A plane is defined by the equations x-4y+2z=16. Find two vectors parallel to the plane.

You need 3 points.

Probably the easiest ones would be the intercepts
(0,0,8)
(0,-4,0) and
(16,0,0)
using the first two, a direction vector would be (0,4,8)
using the last two, a direction vector would be (16,4,0)
we could shorten these to (0,1,2) and (4,1,0)

check:
a normal to our plane is (1,-4,2)
taking the dot product of that normal with each of my two vectors yields zero, as expected.

If i want to find the x-, y- and z- intercepts do i write a new vector equation because we previously found the intercepts but the x-intercept =16 y-intercept = -4 and the z-intercept = 8

i tried writing a vector equation using the one vector as my point and the scalar equation as the direction vector but something seems to be wrong as i do not get the above values!

To find two vectors parallel to the plane defined by the equation x - 4y + 2z = 16, we can rewrite the equation in vector form.

Given the equation x - 4y + 2z = 16, we can rearrange it as follows:

x = 4y - 2z + 16

Now in vector form, this equation becomes:

[ x ] [ 4y - 2z + 16 ]
[ y ] = [ y ]
[ z ] [ z ]

Let's denote the vector form as R = [4y - 2z + 16, y, z].

To find two vectors parallel to the plane, we can choose values for y and z and calculate the resulting x, y, and z values for each choice.

First, let's choose y = 1 and z = 0:

R₁ = [4(1) - 2(0) + 16, 1, 0]
= [20, 1, 0]

Now, let's choose y = 0 and z = 1:

R₂ = [4(0) - 2(1) + 16, 0, 1]
= [14, 0, 1]

So, two vectors parallel to the plane are R₁ = [20, 1, 0] and R₂ = [14, 0, 1].

To find two vectors parallel to a plane, we need to find two linearly independent vectors that satisfy the equation of the plane.

The equation of the plane is x - 4y + 2z = 16. We can rewrite this equation in vector form:

P = (16, 0, 0) + a(1, -4, 0) + b(0, 2, 1)

Here, (1, -4, 0) and (0, 2, 1) are two vectors parallel to the plane, and a and b are scalar constants.

To find the two vectors parallel to the plane, we can choose values for a and b and then substitute them into the equation above.
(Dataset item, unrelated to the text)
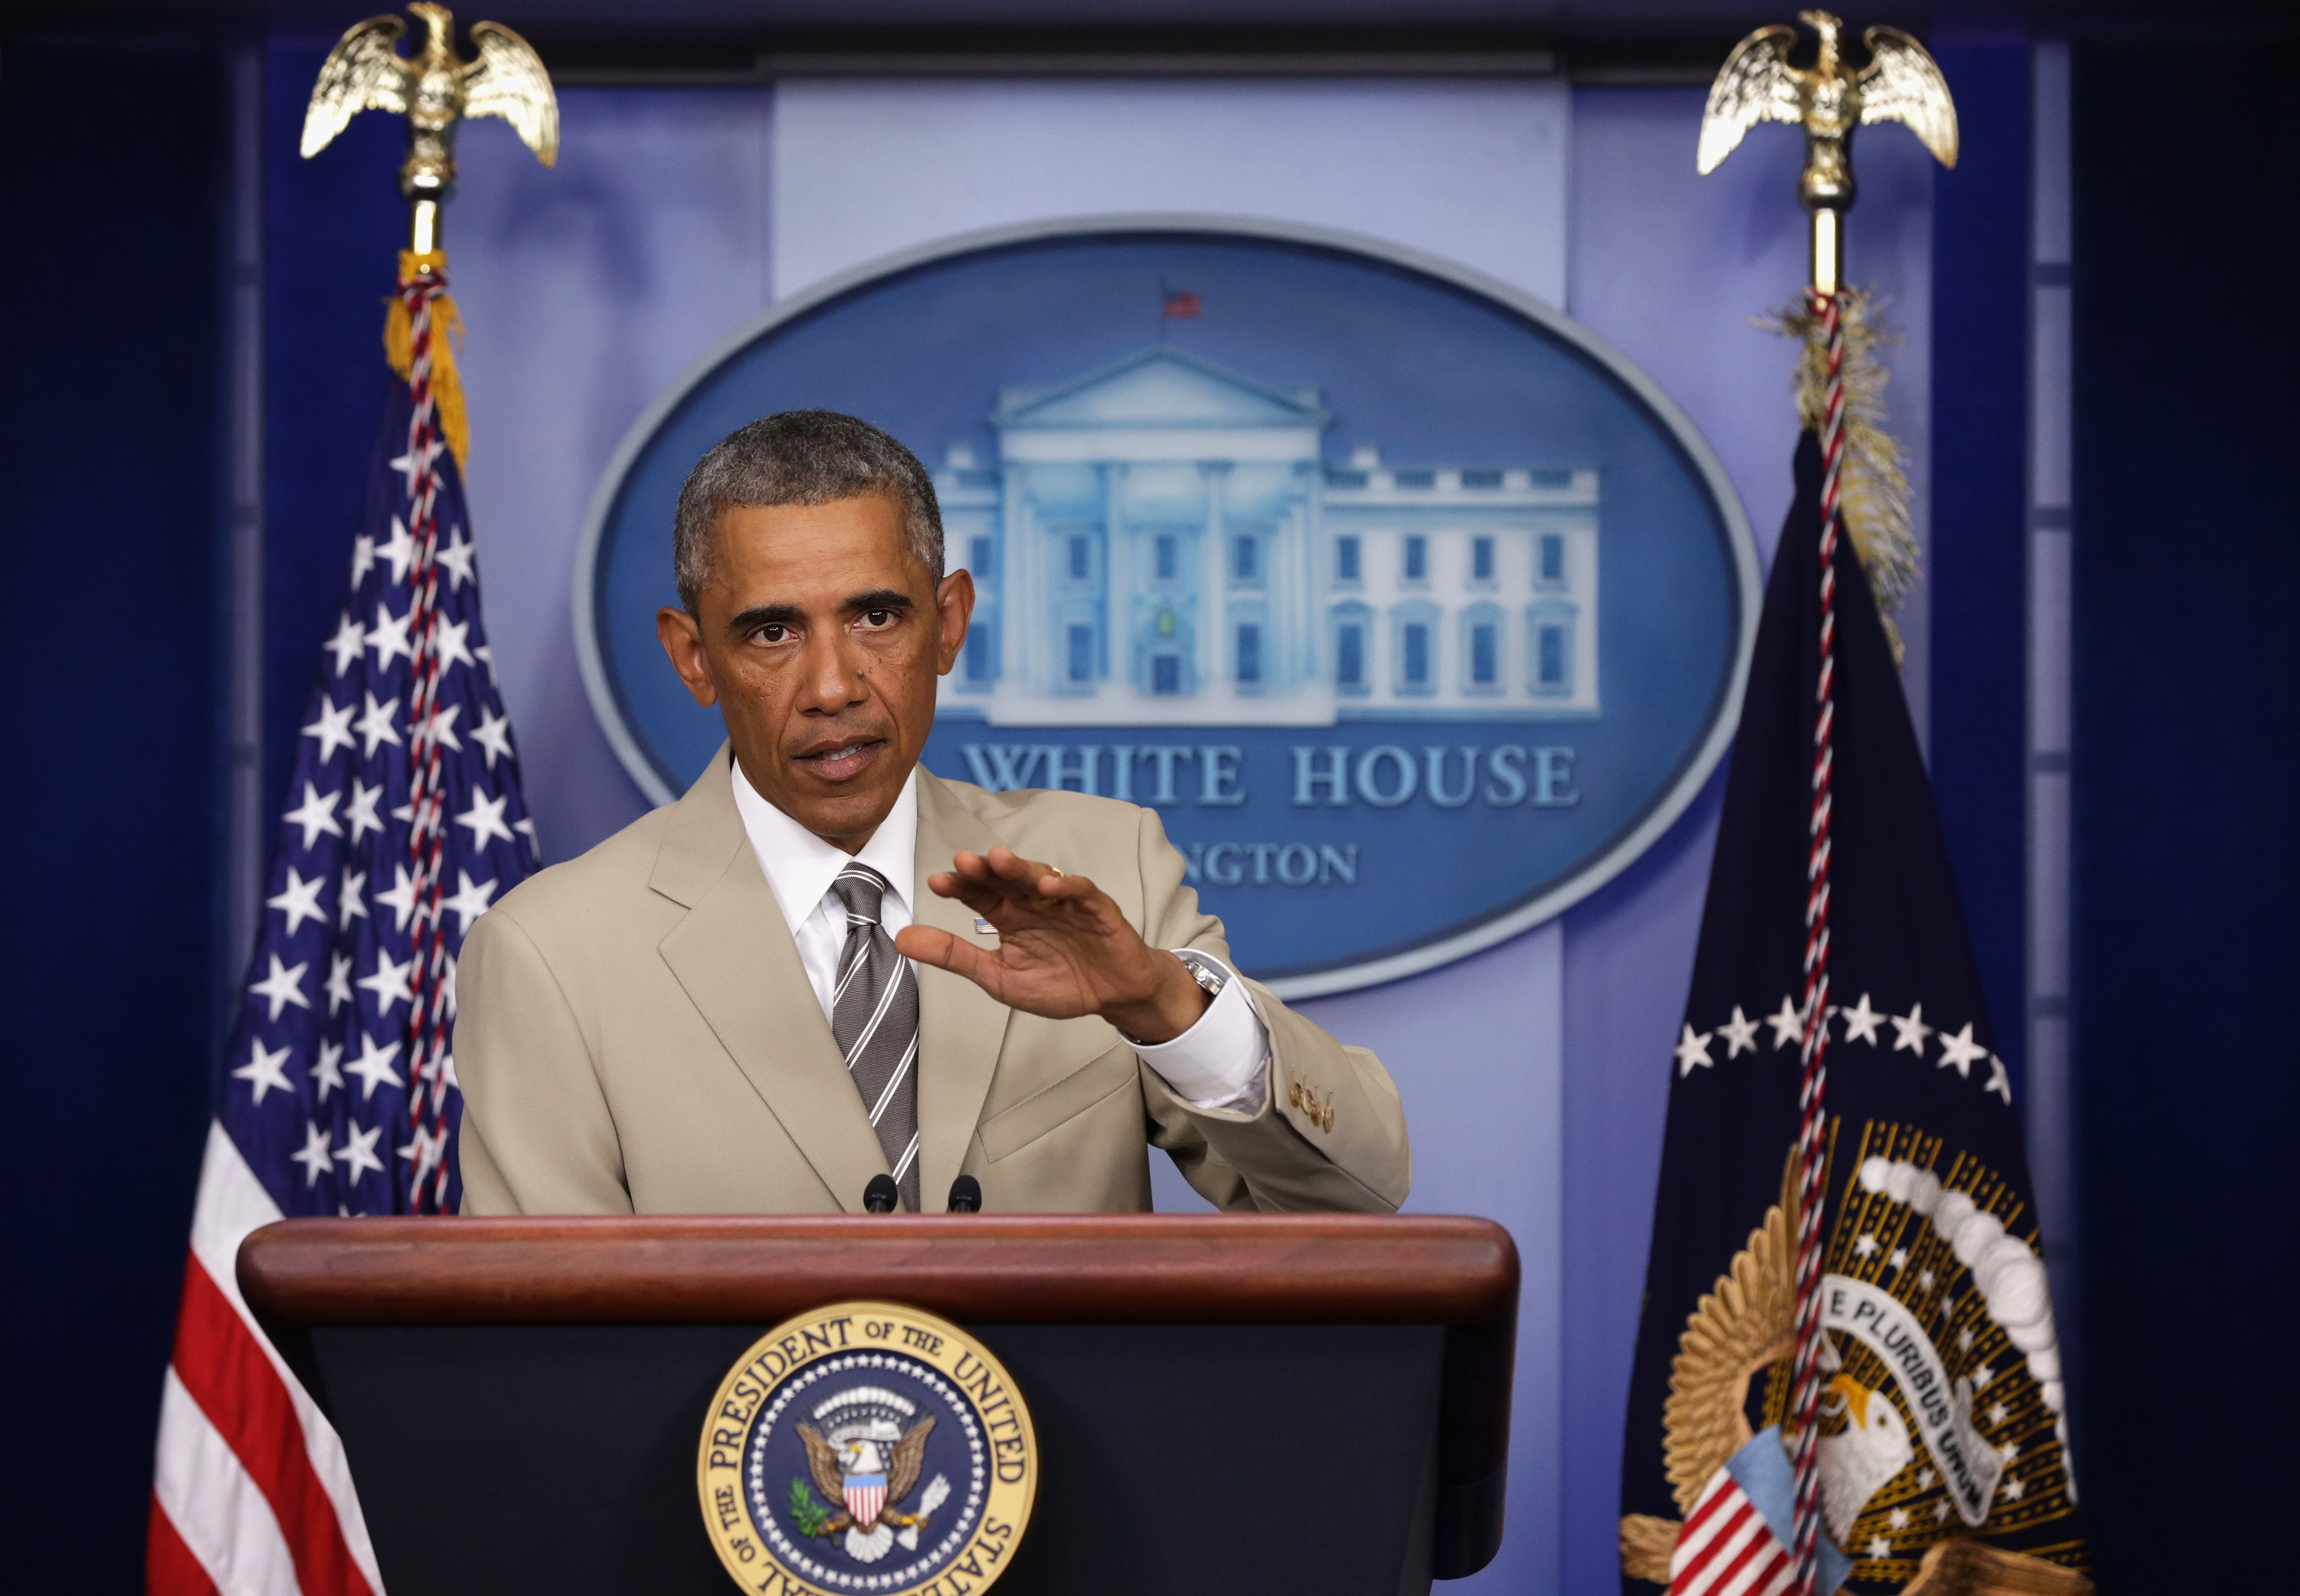 Barack Obama behind the podium

Let's choose a = 1 and b = 0:

P1 = (16, 0, 0) + 1(1, -4, 0) + 0(0, 2, 1)
= (16, 0, 0) + (1, -4, 0)
= (17, -4, 0)

So, vector P1 = (17, -4, 0) is parallel to the plane.
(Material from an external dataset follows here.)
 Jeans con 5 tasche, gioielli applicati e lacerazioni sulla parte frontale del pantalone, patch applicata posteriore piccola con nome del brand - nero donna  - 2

Now, let's choose a = 0 and b = 1:

P2 = (16, 0, 0) + 0(1, -4, 0) + 1(0, 2, 1)
= (16, 0, 0) + (0, 2, 1)
= (16, 2, 1)

Therefore, vector P2 = (16, 2, 1) is also parallel to the plane.

In summary, the two vectors parallel to the plane defined by the equation x - 4y + 2z = 16 are P1 = (17, -4, 0) and P2 = (16, 2, 1).